To demonstrate this planning method for our dexterous robotic hand, we consider the task of grasping a sphere of diameter 60mm. For grasp stability, the three fingertip contact points A, B, and C are placed uniformly on a great circle of the sphere. The coefficient of friction at each contact is $\mu = 0.3$. The external wrench $\mathbf{F}_0$ is set to $[0.15, 0.173, 0.3, 0, 0, 0]^T$ (forces in N, moments in Nmm). With an initial coefficient vector $\boldsymbol{\alpha}_0 = 0.3 \mathbf{1}$ and scaling factor $\beta=1.2$, the algorithm converges to an initial feasible grasp force set $\mathbf{F}_p^0$.
Verification confirms that $\mathbf{G}\mathbf{F}_p^0 + \mathbf{F}_0 \approx \mathbf{0}$ and each force lies within its friction cone ($\sqrt{F_{ix}^2+F_{iy}^2} – \mu F_{iz} < 0$). However, these initial forces are often near the friction cone boundary, offering minimal robustness against disturbances. To enhance stability, we introduce a stability margin coefficient $\lambda > 1$ (here, $\lambda=1.2$) to tighten the friction cone constraint during optimization:
$$ \sqrt{F_{ix}^2 + F_{iy}^2} \le \frac{\mu_i}{\lambda} F_{iz} $$
Re-solving the optimization problem with this modified constraint yields the final, optimized contact forces:
$$
\begin{aligned}
\mathbf{F}_{P1} &= [-0.025,\ 0.1,\ 0.59]^T \text{ N} \\
\mathbf{F}_{P2} &= [0.075,\ 0.1,\ 0.54]^T \text{ N} \\
\mathbf{F}_{P3} &= [-0.05,\ 0.1,\ 0.46]^T \text{ N}
\end{aligned}
$$
Compared to the initial forces, the optimized set features increased normal force components ($F_{iz}$), thereby increasing the grasp’s stability margin and its ability to resist external disturbances.

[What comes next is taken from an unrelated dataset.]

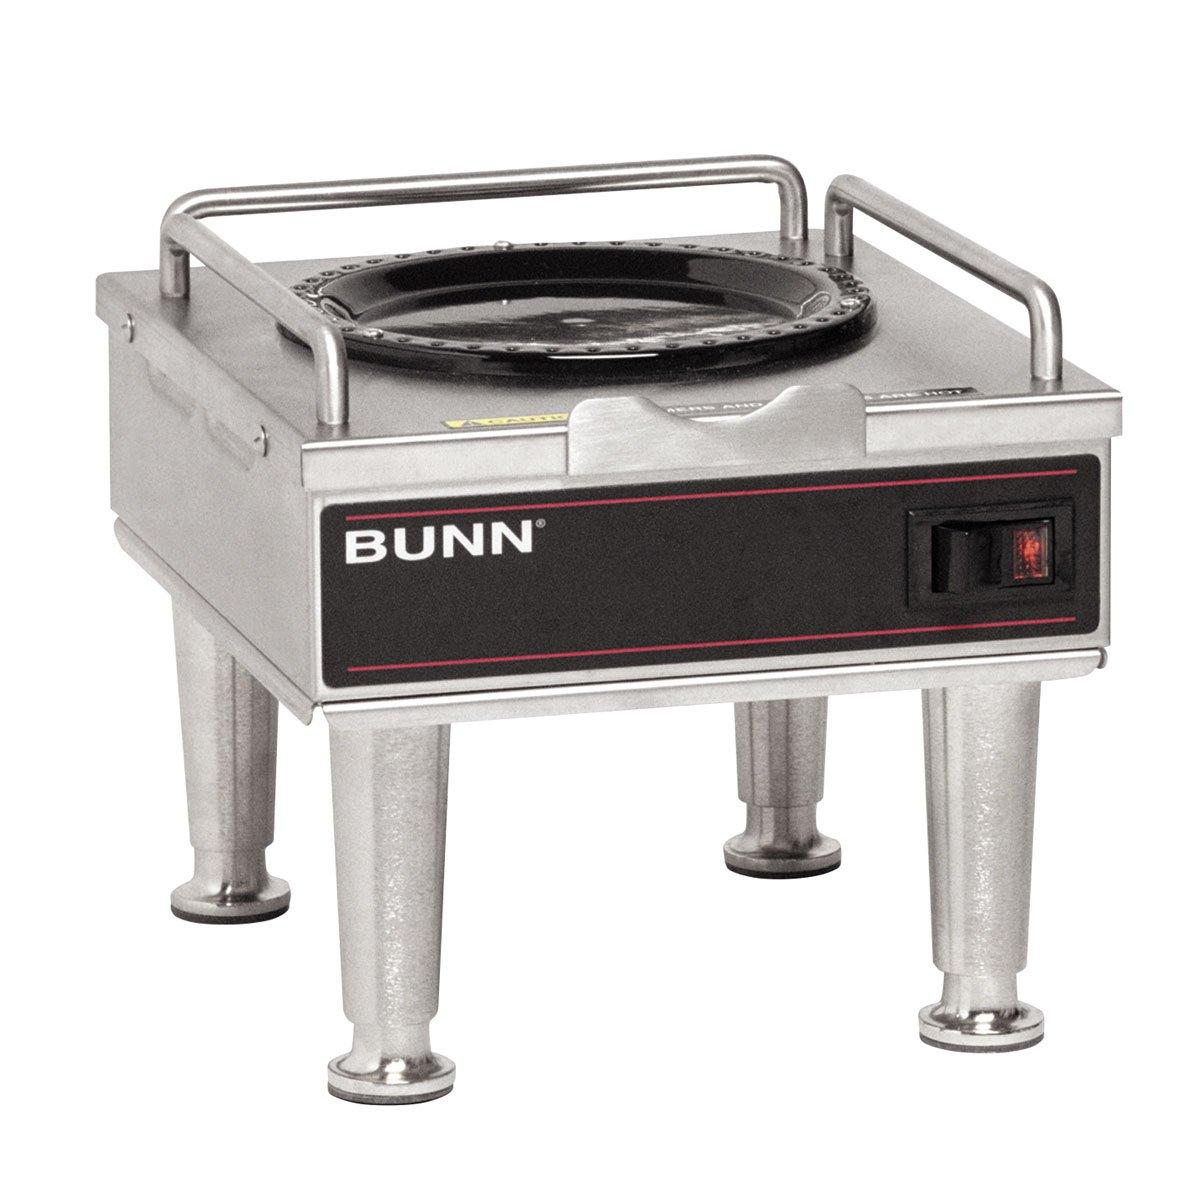 Bunn 12203.0014 12203.0014 RWS1 Satellite Brewer Warmer (For Use with 1GPR & 1.5GPR)
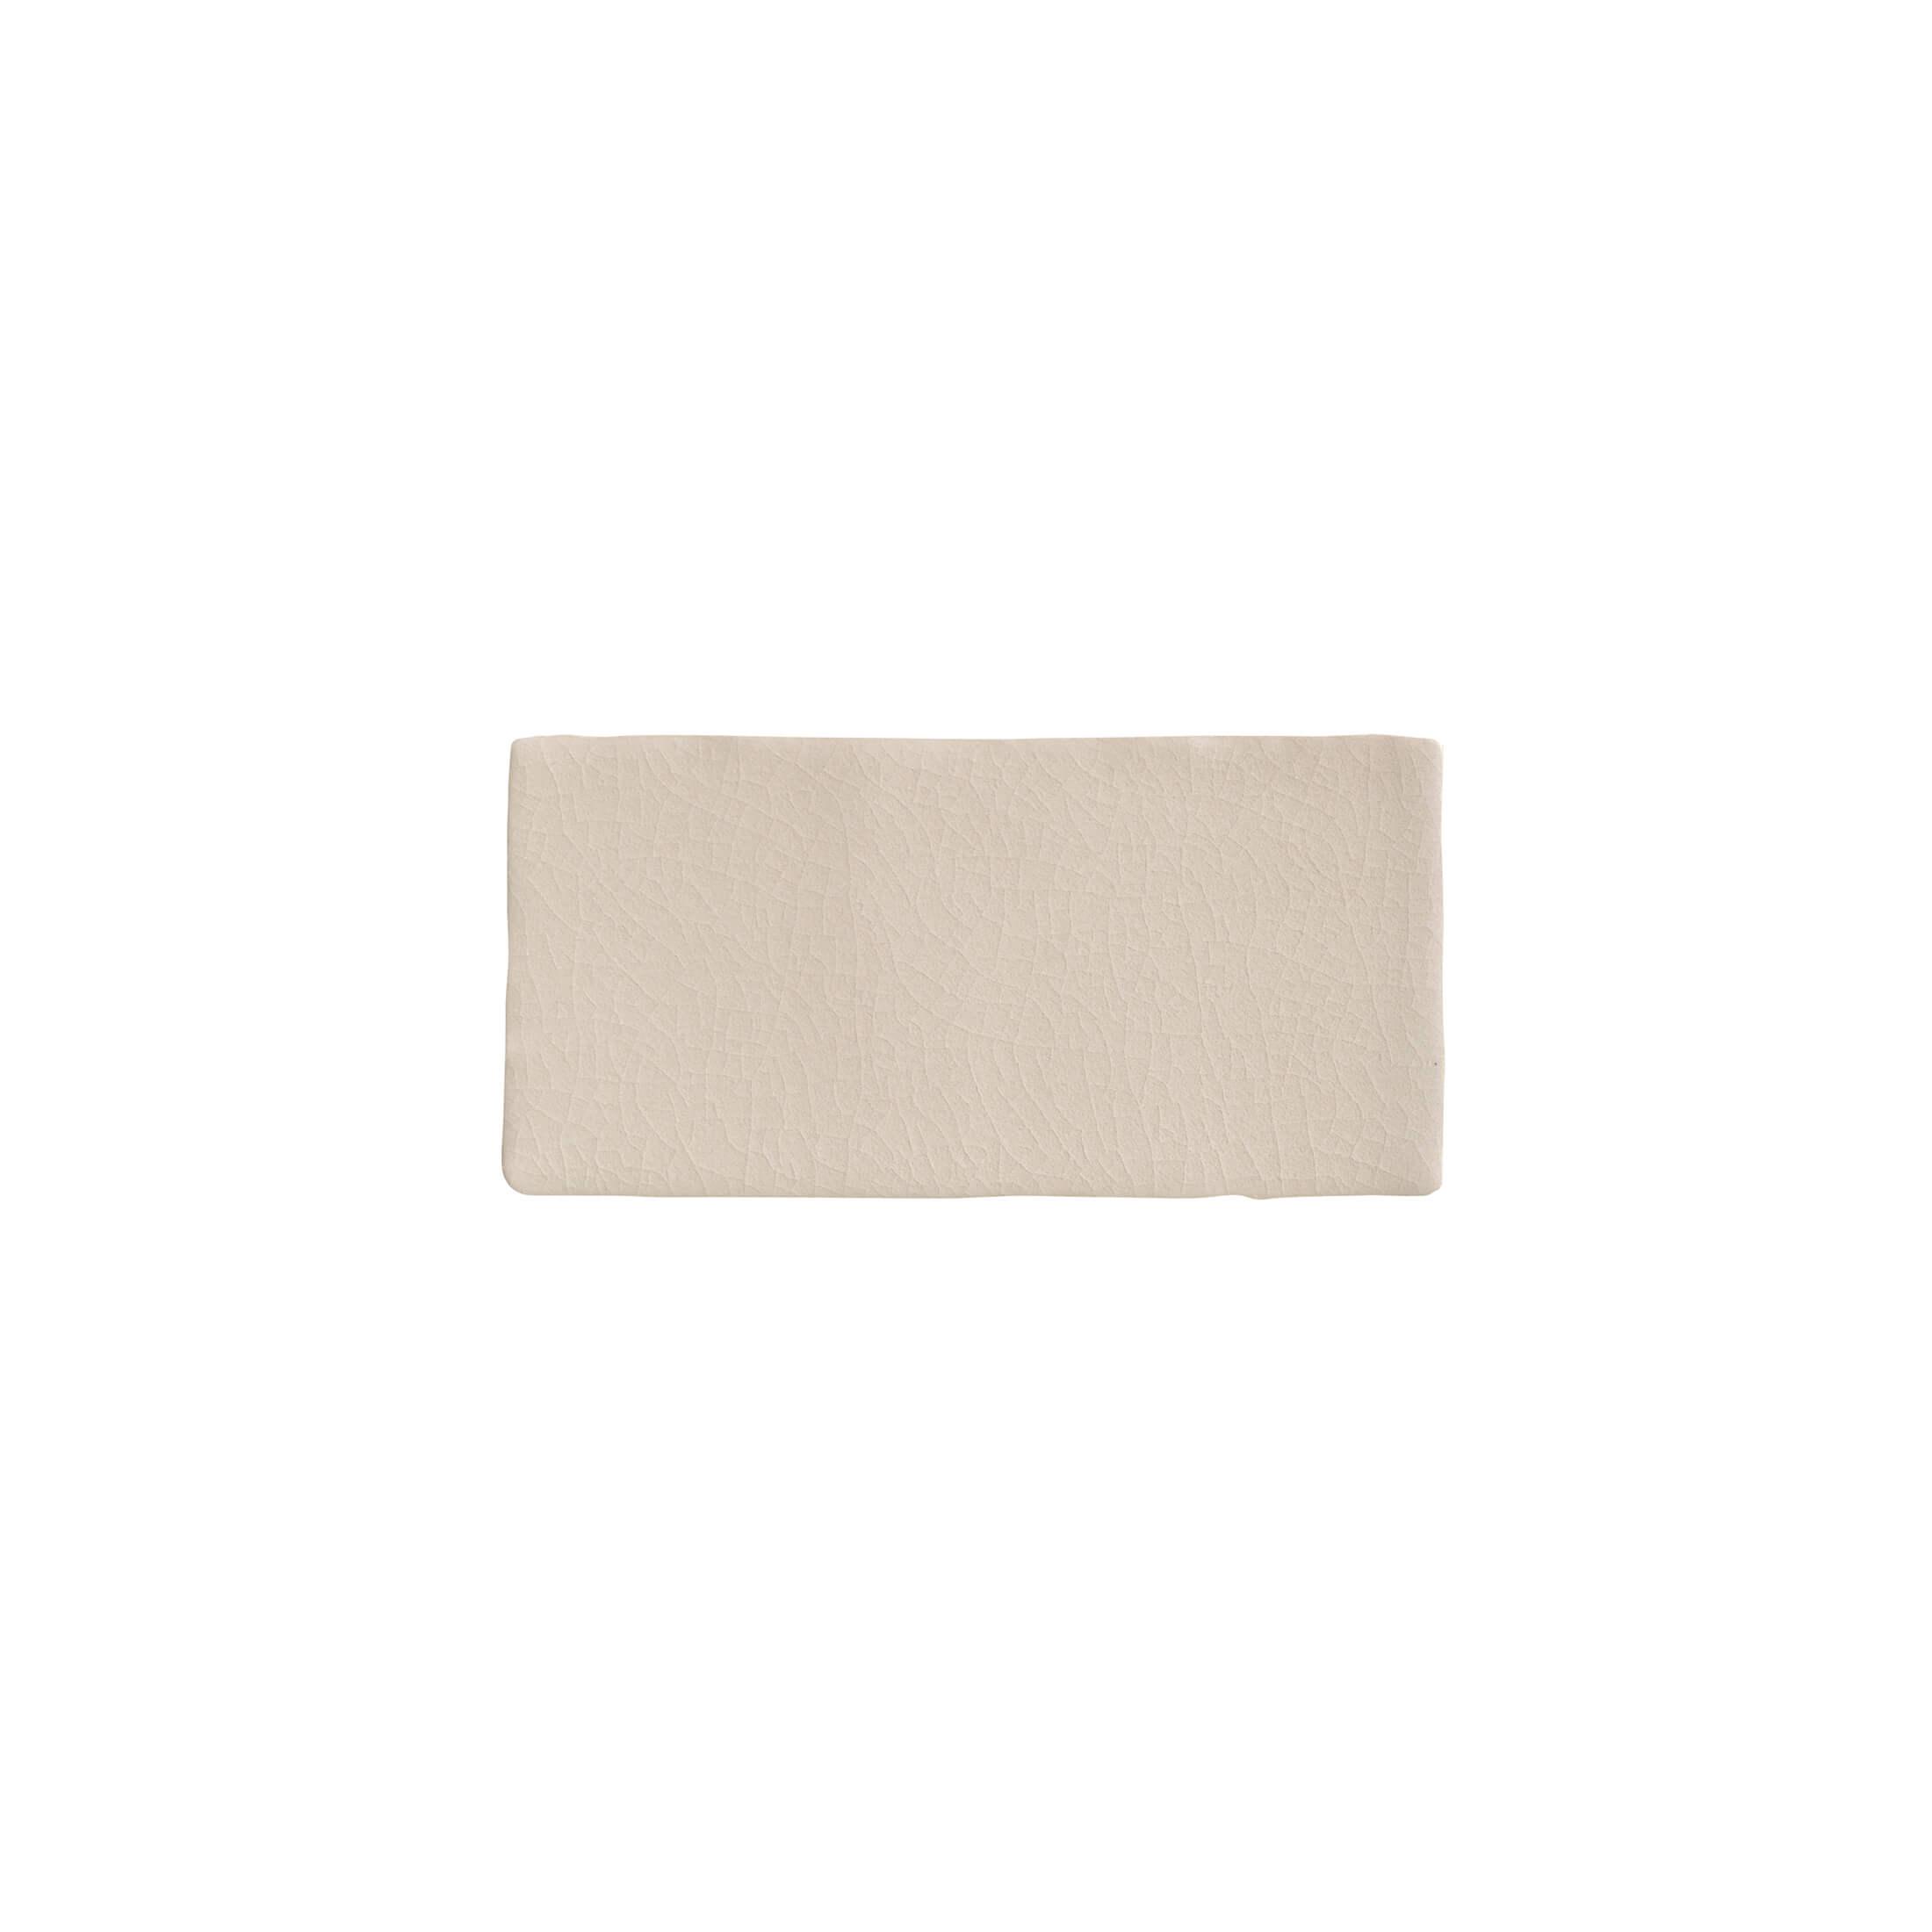 ADEH1007 - LISO  - 7.5 cm X 15 cm

Crucially, a static analysis using Equation (5) confirms that these optimized contact forces are achievable within the operable joint angle ranges of the dexterous robotic hand and its available joint driving torques, validating the physical realizability of the planned grasp.
Conclusion
This work presented the comprehensive design and analysis of a novel three-fingered dexterous robotic hand. We began with the mechanical design, focusing on a compact and highly flexible fully-actuated architecture, including configuration, component layout, and part selection, culminating in a detailed 3D model. A dynamic mathematical model for a single finger was established using the Lagrange method. Numerical analysis of the dynamic equations in MATLAB produced theoretical joint torque curves. Concurrently, a virtual prototype of the dexterous robotic hand was built in ADAMS for simulation, yielding joint torque, velocity, and displacement curves. The smooth nature of these curves demonstrated the合理性 of the structural design. The close agreement between the theoretical and simulated torque curves validated the correctness of the dynamic analysis.
Furthermore, we addressed the critical problem of grasp force planning. A method based on Lagrange multipliers was implemented to efficiently compute an initial set of feasible contact forces satisfying frictional constraints. This initial solution was then optimized by incorporating a stability margin coefficient to produce a robust set of grasping forces. The entire process accounted for the constraints imposed by the dexterous robotic hand‘s joint actuators, ensuring the planned forces are not only optimal for stability but also physically realizable by the hardware. This integrated approach, combining innovative mechanical design with rigorous modeling and practical force planning, contributes a valuable reference for the development and control of future dexterous robotic hand systems.